The composition about taxes is your homework, right? I did my homework. For the time being, I looked up the composition that won the award in the past on What seems to be a homepage that came out when I googled, but something like this ... … ** Do you say that you remember something like “unity” **, or you say you pushed the mark? Well… yes. If you analyze this with morphological analysis, you will get interesting results, so I think I'll do it. Yes.

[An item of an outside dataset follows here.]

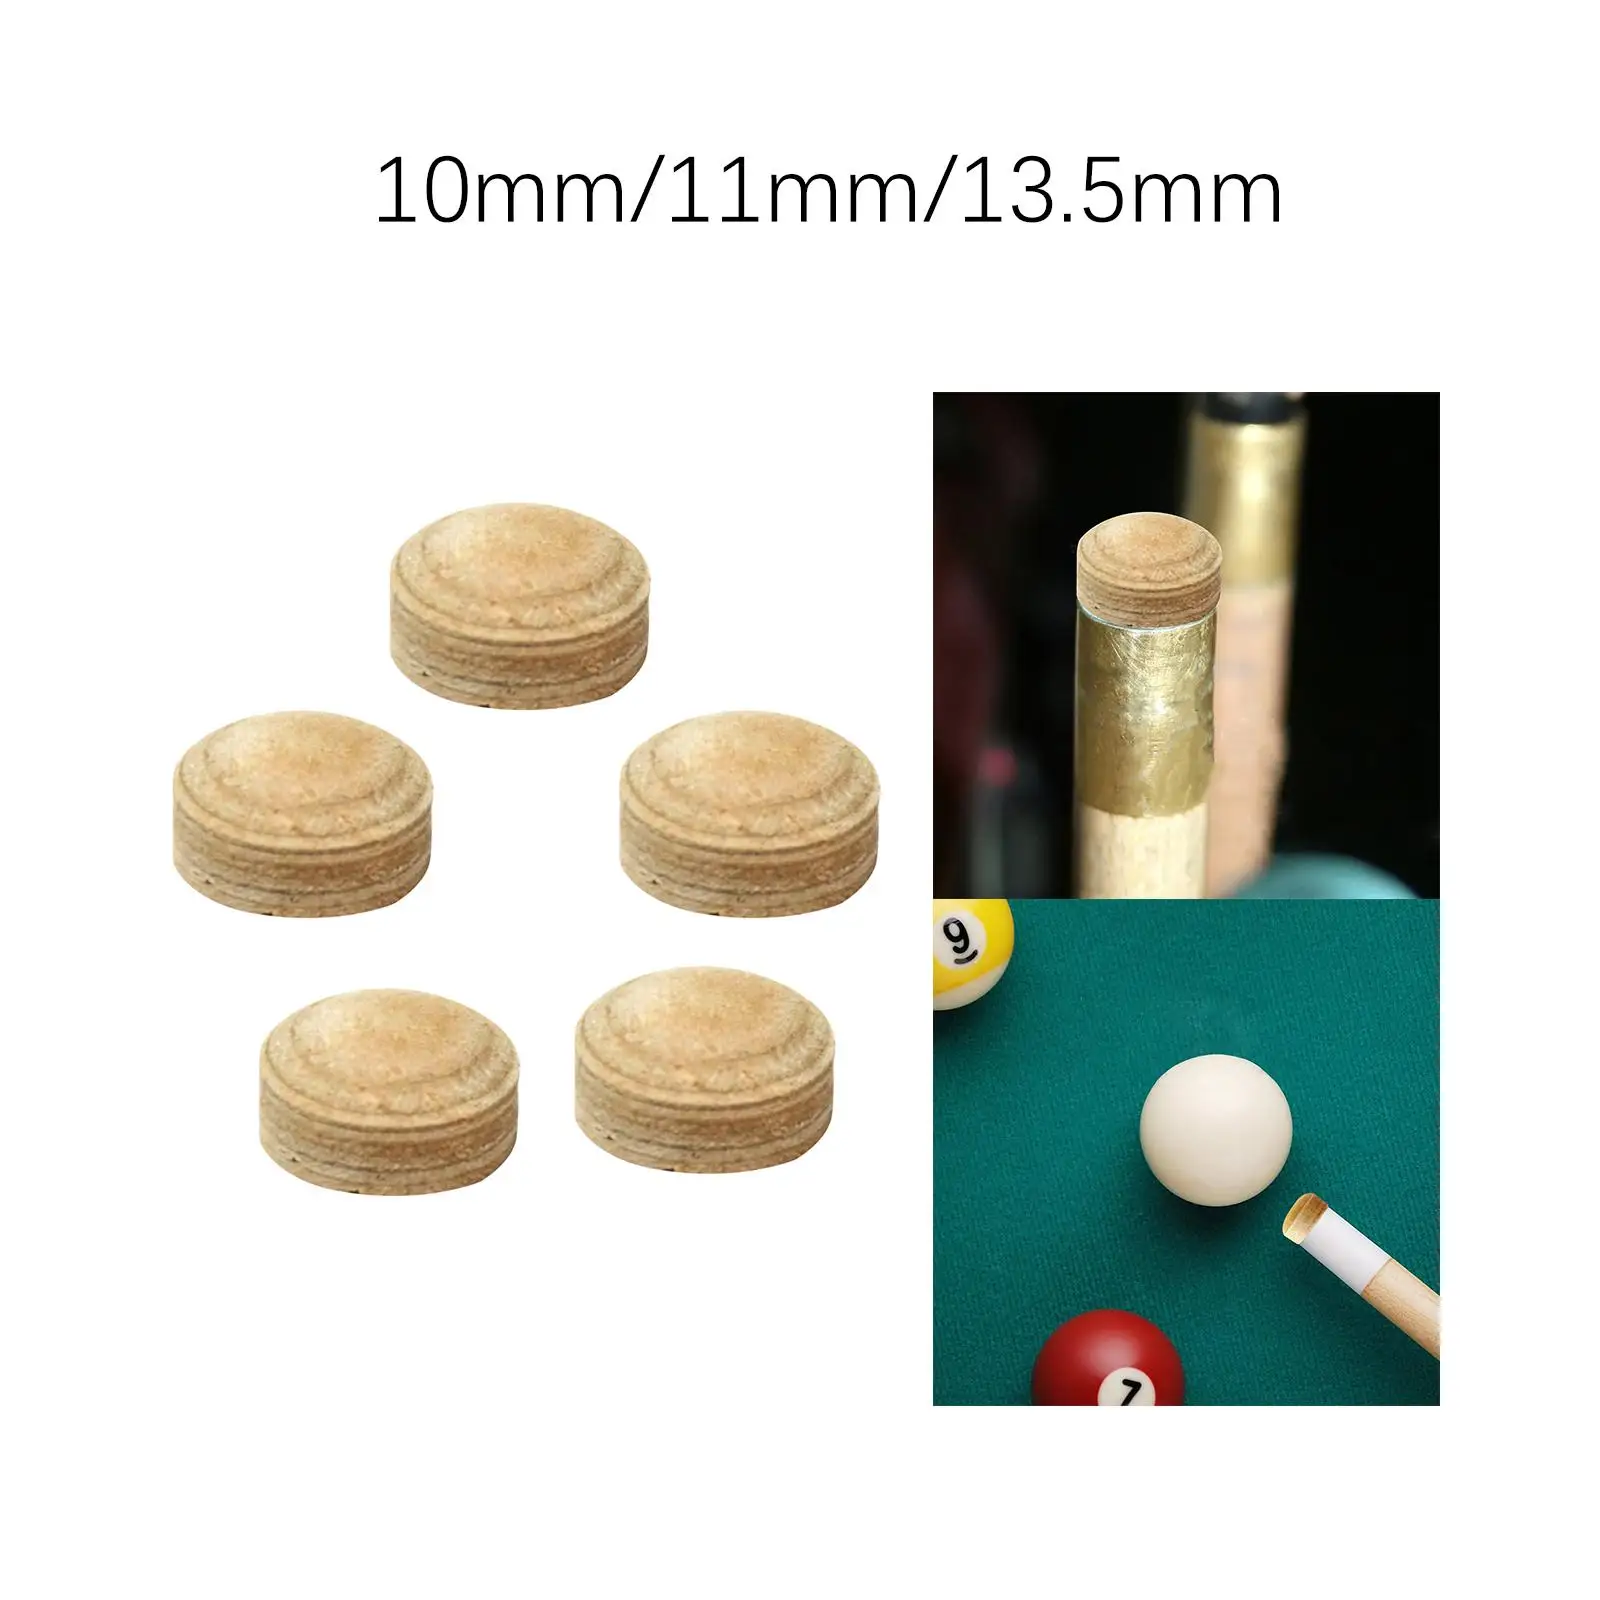 5 Pieces Billiard Cue Tips 9 Balls, 8 Balls Multiple Layer End Tips Pool Cue Stick Tips for Personal Use Home Billiards Room

This homepage contains the essays that won the award from 2017 to the first year of Reiwa, so I think it will be a mess to download this one. So let's get the data by scraping first. By the way, ** for some reason ** only the composition of the junior high school students in the first year of Reiwa is prepared as a PDF file instead of solid HTML, so the processing method will be divided between those of the junior high school students in the first year of Reiwa and others. .. By the way, the number of this composition group is clearly larger than the others, so it seems that the reason for converting it to PDF is that.

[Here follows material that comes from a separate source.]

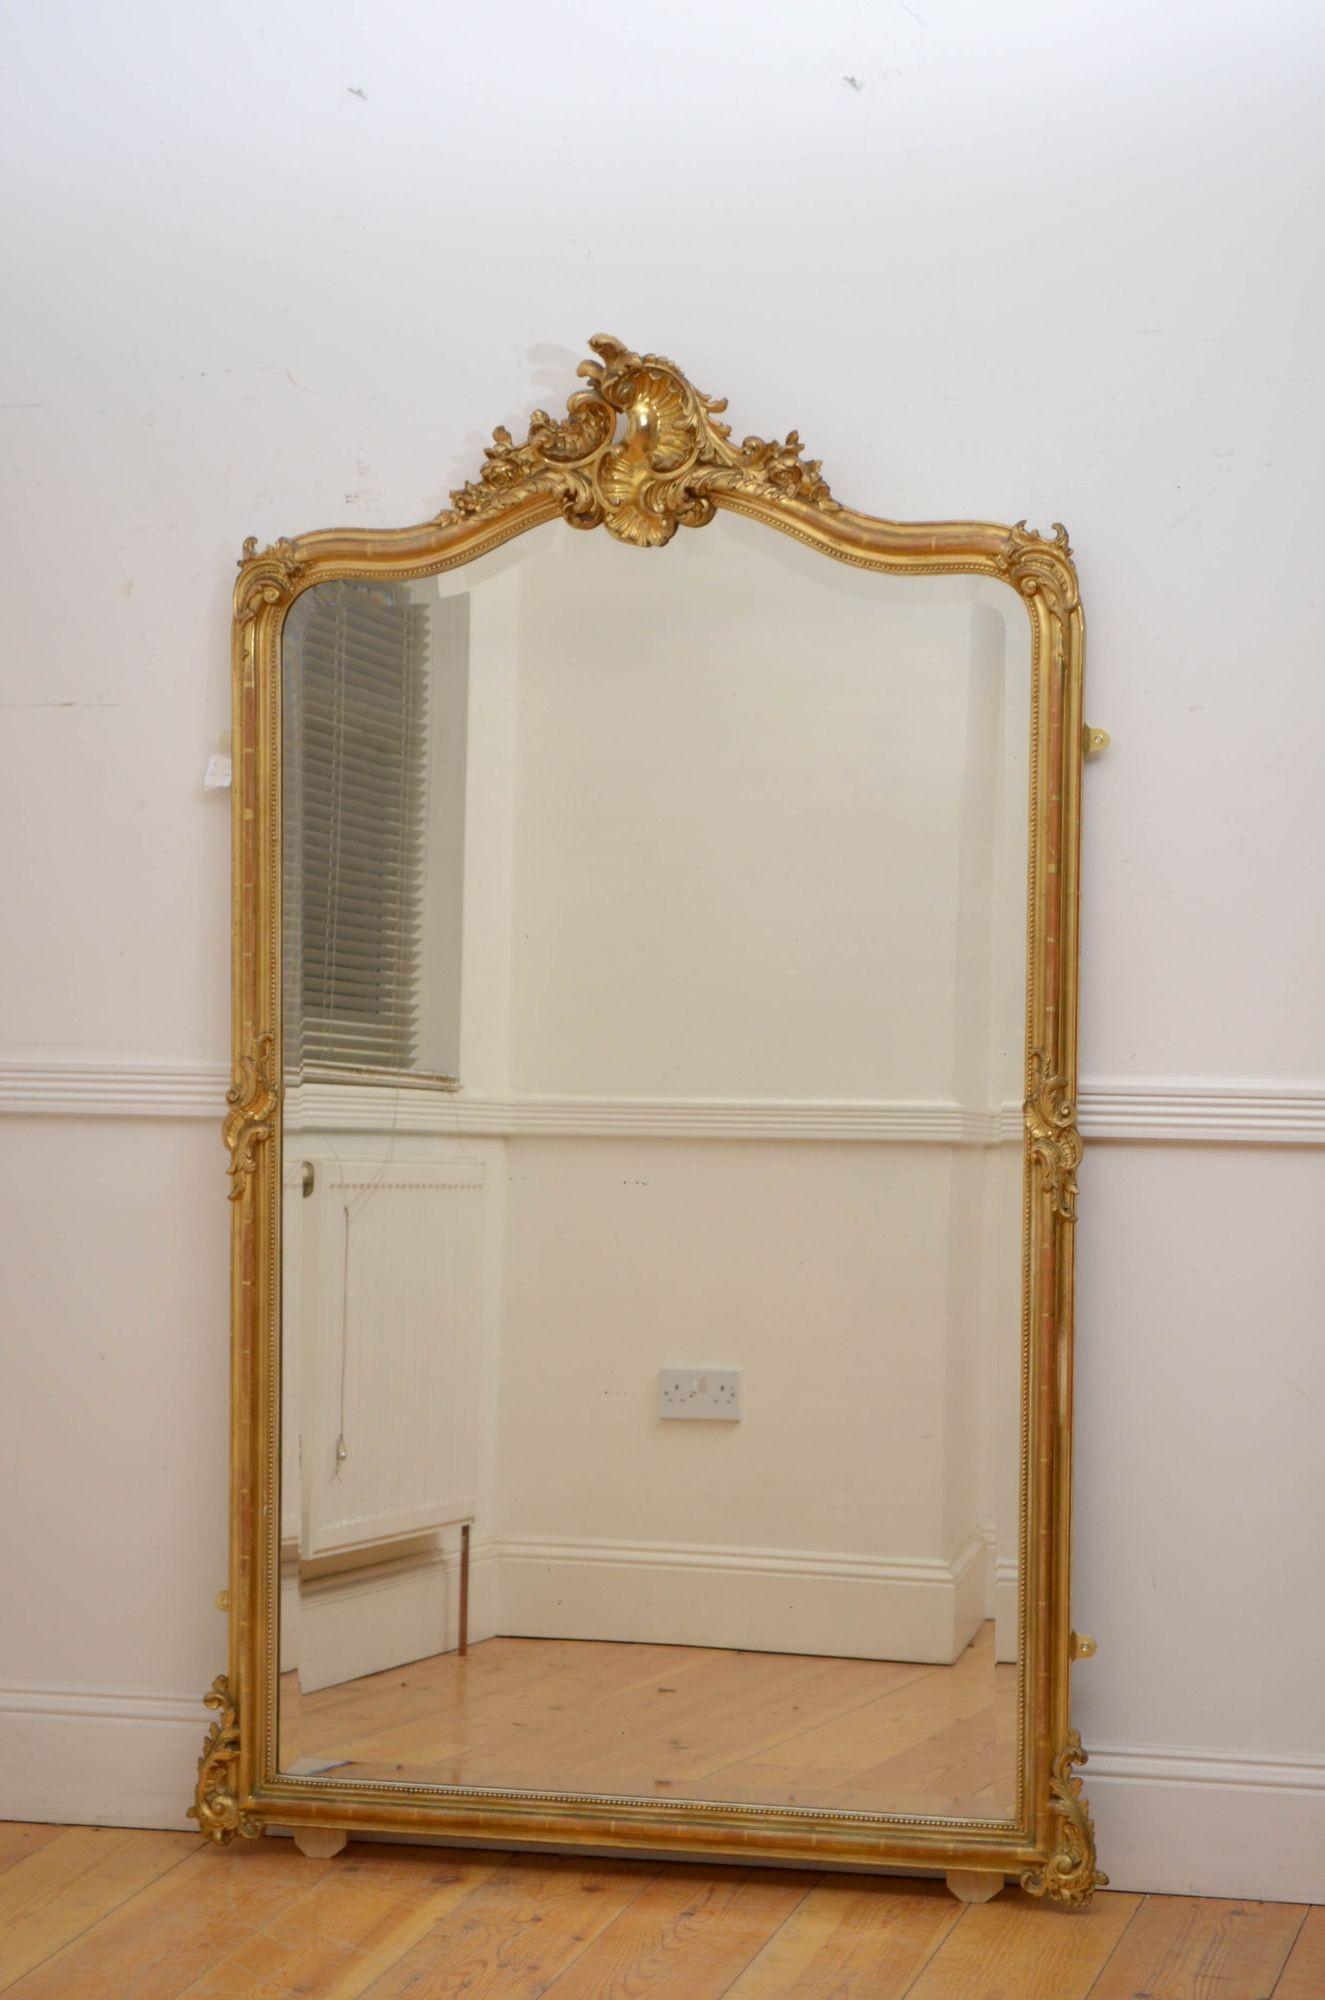 Sn5371 Very attractive XIXth century French giltwood wall mirror, having original bevelled edge plate with minor imperfections in gilded and moulded frame with acanthus scrolls to top corners and shell crest flanked by floral motifs to the centre.

As I checked earlier, the format of HTML solid data is ** different depending on the item **, roughly divided into ** "high school students in 2018 and the first year of Reiwa" ** and ** "others" ** Is different. Why did you make this specification? ?? ?? ?? ?? ?? ?? ?? It looks like this in an easy-to-understand table.
What i wanted to do
It is solid writing A mentioned in the previous table. I wrote it roughly
text_dl_A.rb
require 'nokogiri'
require 'open-uri'
base_urls =["https://www.nta.go.jp/taxes/kids/sakubun/koko/h29/sakubun.htm",
"https://www.nta.go.jp/taxes/kids/sakubun/chugaku/h29/sakubun.htm",
"https://www.nta.go.jp/taxes/kids/sakubun/chugaku/h30/sakubun.htm"] #I could have generated the URL in the program separately, but it was annoying, so I can just copy and paste it.
count = 0
base_urls.each do |url|
doc = Nokogiri::HTML(URI.open(url))
doc.xpath("//p[@class='sakubun_texts']").each do |content|
count += 1
File.open("texts/#{count}.txt","w") do |f|
f.puts content.inner_text
end
end
sleep 1
end
It is solid writing B mentioned in the previous table, this is also miscellaneous
text_dl_B.rb
require 'nokogiri'
require 'open-uri'
base_urls =["https://www.nta.go.jp/taxes/kids/sakubun/koko/h30/sakubun.htm",
"https://www.nta.go.jp/taxes/kids/sakubun/koko/r1/sakubun.htm"]
count = 20
base_urls.each do |url|
doc = Nokogiri::HTML(URI.open(url))
doc.xpath("//p[@class='movePageTop']").each do |ptag|
count += 1
File.open("texts/#{count}.txt","w") do |f|
f.puts ptag.previous.previous.inner_text #Since the class and ID were not set in the composition itself, I made it in the direction of searching for sibling relationships from the "Top of this page" button.
end
end
sleep 1
end
This completes the download of the solid data, 39 files in total have been dropped.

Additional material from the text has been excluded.